There’s no mistaking that Alzheimer’s disease poses a major threat: Some 5.3 million Americans live with the disorder—a number likely to double over the next 20 years as baby boomers age.
Well aware of that, a team of Johns Hopkins psychiatrists has spent years teasing out which early patient symptoms foreshadow an Alzheimer’s diagnosis. Certain signs of functional loss (problems driving, forgetting to pay bills) or slips in cognition (word loss, forgetfulness) seem most reliable.
Now, growing evidence suggests that psychiatric (behavioral) symptoms can also be Alzheimer’s predictors. “For many years, we’ve been working backward—treating Alzheimer’s as a purely cognitive disease,” says Paul Rosenberg, associate director of the Johns Hopkins Memory and Alzheimer’s Treatment Center. “But behavioral changes can be widespread and disabling,” and pose the greatest challenge to caregivers.
“So, when I hear a spouse say, ‘My husband has never been a worrier, and now he frets over everything,’ or, ‘He used to be interested in everything and now has no get-up-and-go,’ I have good reason to think Alzheimer’s is involved.”
The scenario is common enough that Johns Hopkins scientists, working with an international consortium, have coined the term “mild behavioral impairment” (MBI) to describe neuropsychiatric symptoms that can accompany, and possibly even predate, Alzheimer’s cognitive lapses.
In recent clinical studies, Rosenberg, Memory Center Director Constantine Lyketsos and colleagues used the Neuropsychiatric Inventory Questionnaire to reveal trends in several psychiatric symptoms. For example, they found newly irritable or apathetic seniors 30 to 40 percent more likely to develop Alzheimer’s. “It wasn’t so surprising seeing MBI in people already mildly cognitively impaired,” says Rosenberg, “but that risk also applies to those who appear cognitively fine.”

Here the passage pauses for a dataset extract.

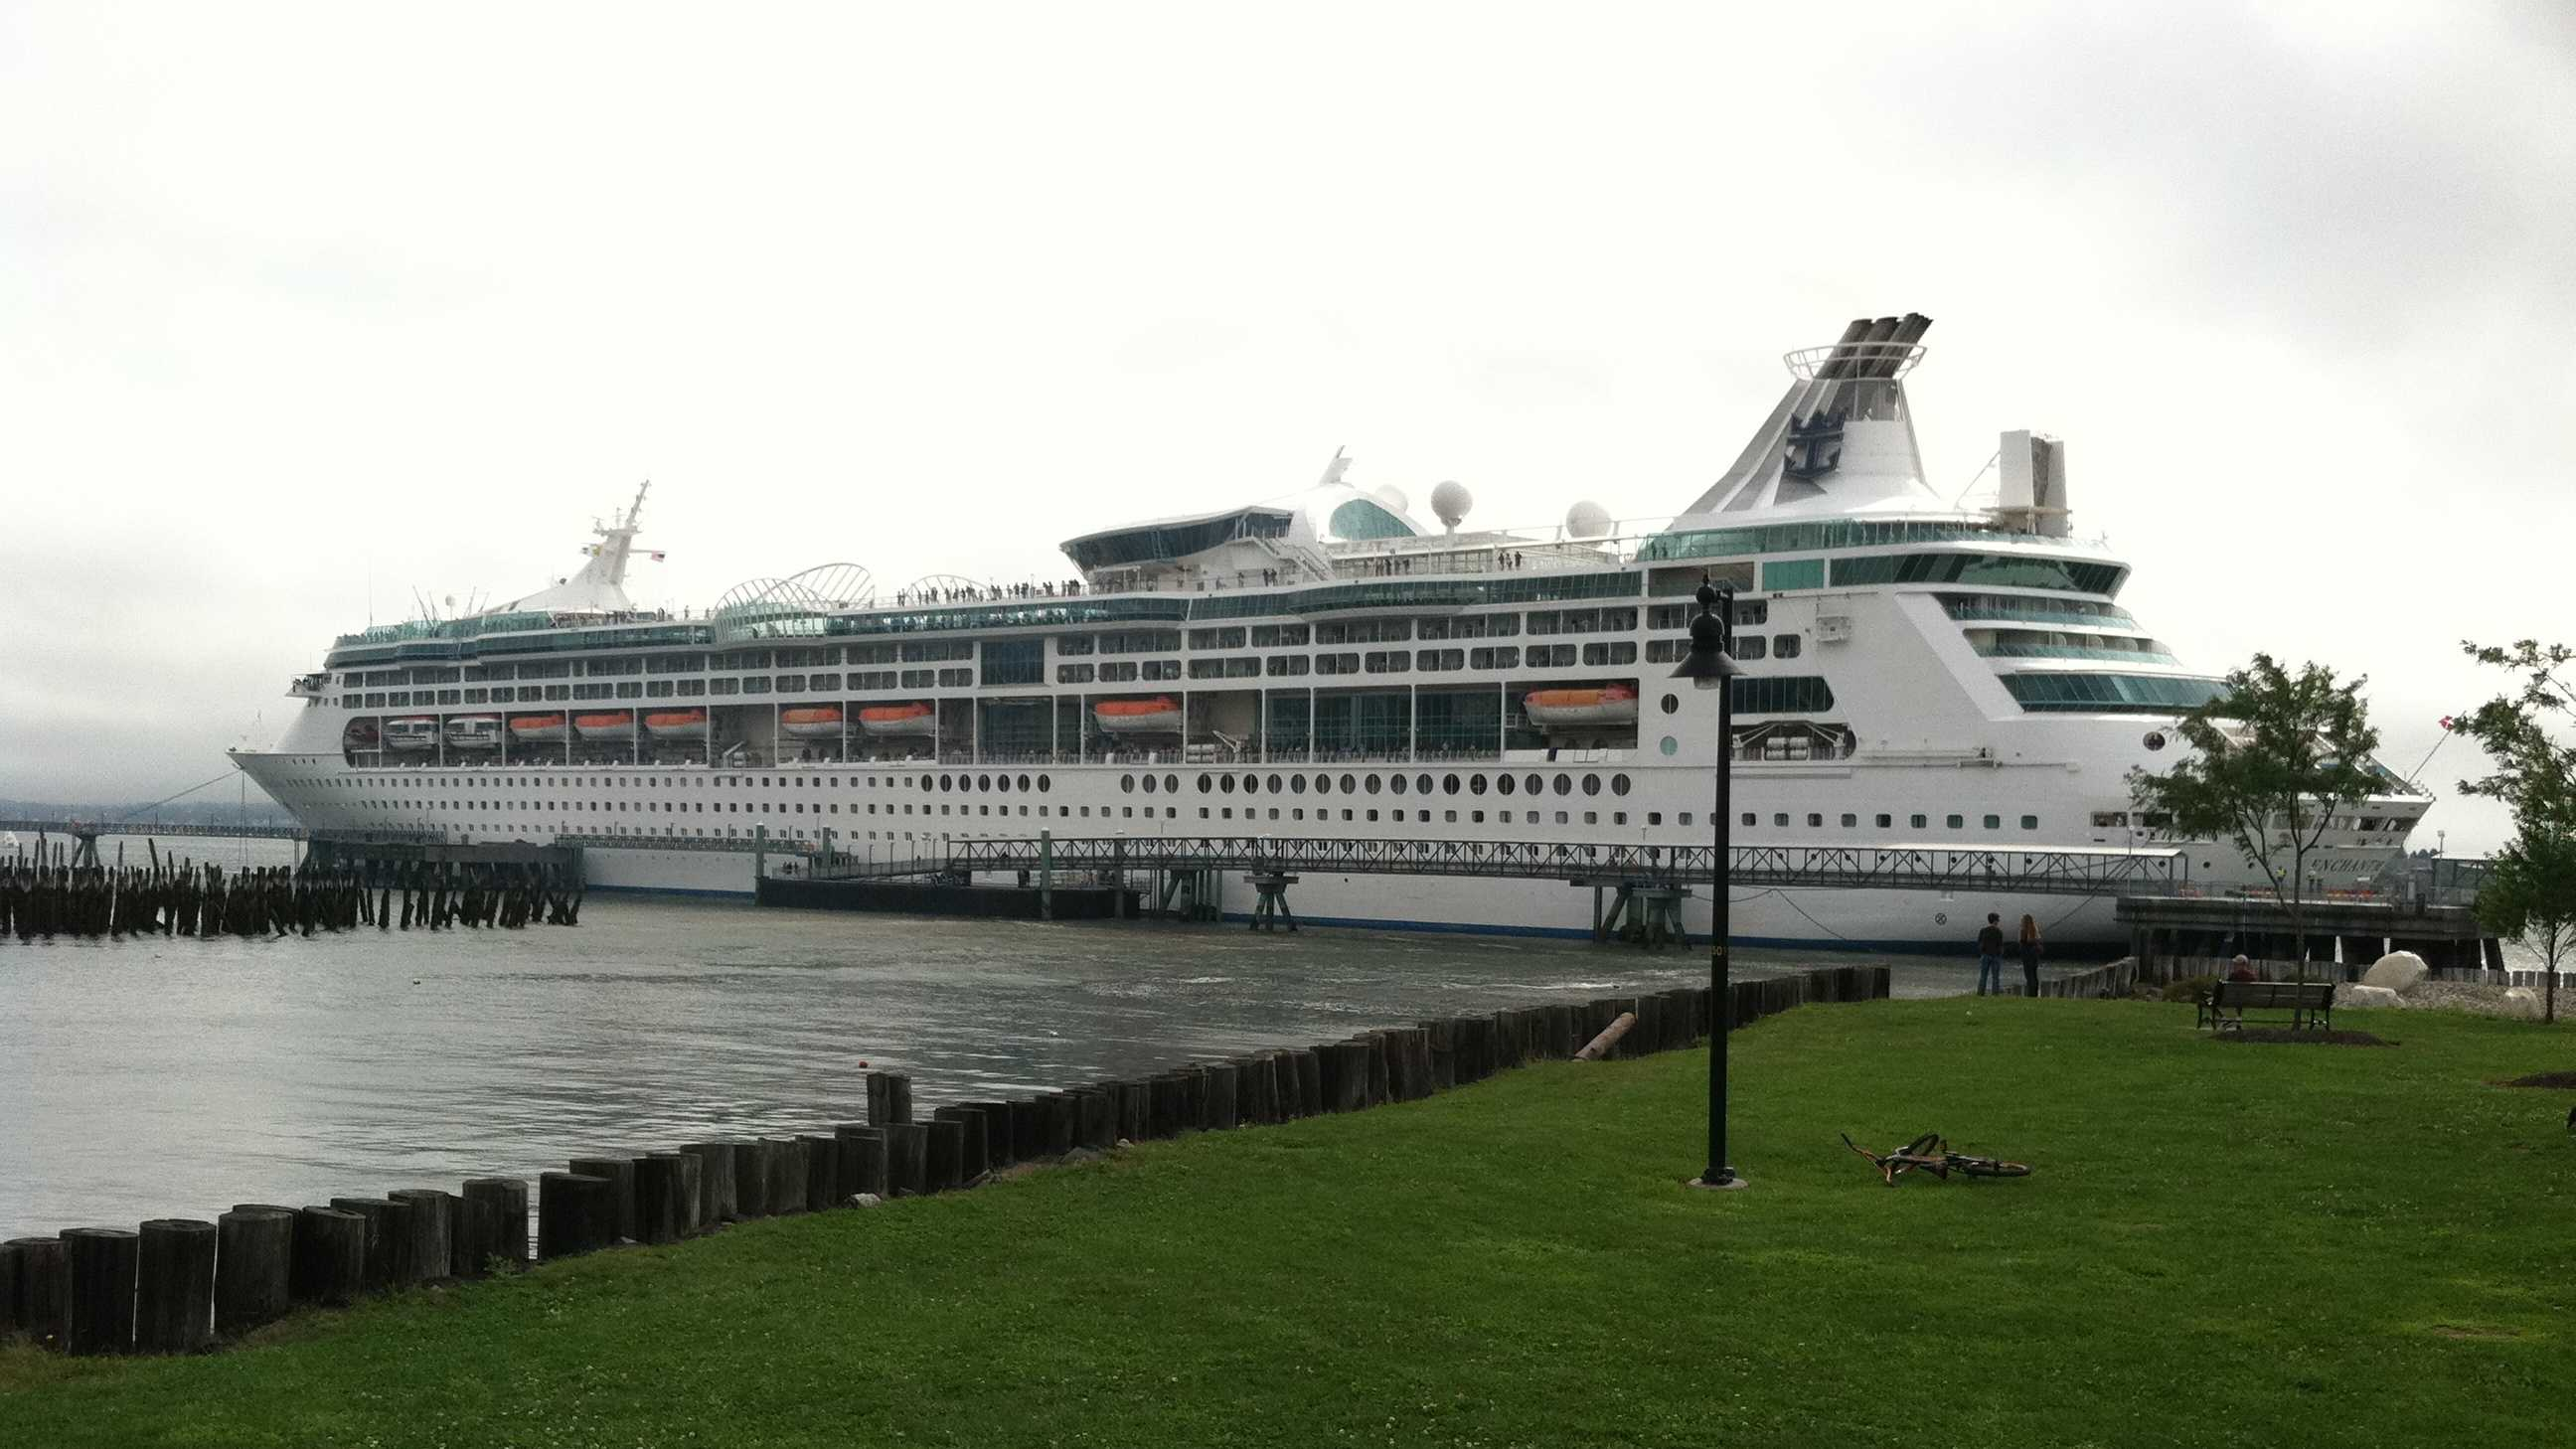 The Enchantment of the Seas is a Royal Caribbean International ship.

The biology underlying Alzheimer’s behavioral symptoms is far from clear. But, surely, damage to specific nerve circuits is involved. And they likely overlap other, better-known Alzheimer’s pathways, Rosenberg adds, such as those for salience—the ability to judge something’s importance.
As for therapy, present research hopes to shed light on how behavioral interventions work. For now, to alleviate symptoms, Rosenberg favors lifestyle changes, like stress reduction programs, yoga and exercise, over traditional psychiatric approaches.
Rosenberg’s “big-picture dream,” is to nail down who’s at risk for Alzheimer’s. “Our best chance of making a difference,” he says, “is to assess as early as possible.” The near future should bring far fewer expensive brain scans and pedigree searches. Instead, he says, “We expect to combine cognitive tests, gene assays and other low-tech ways to diagnose Alzheimer’s.”
Detecting mild behavioral impairment, of course, will be part of the mix.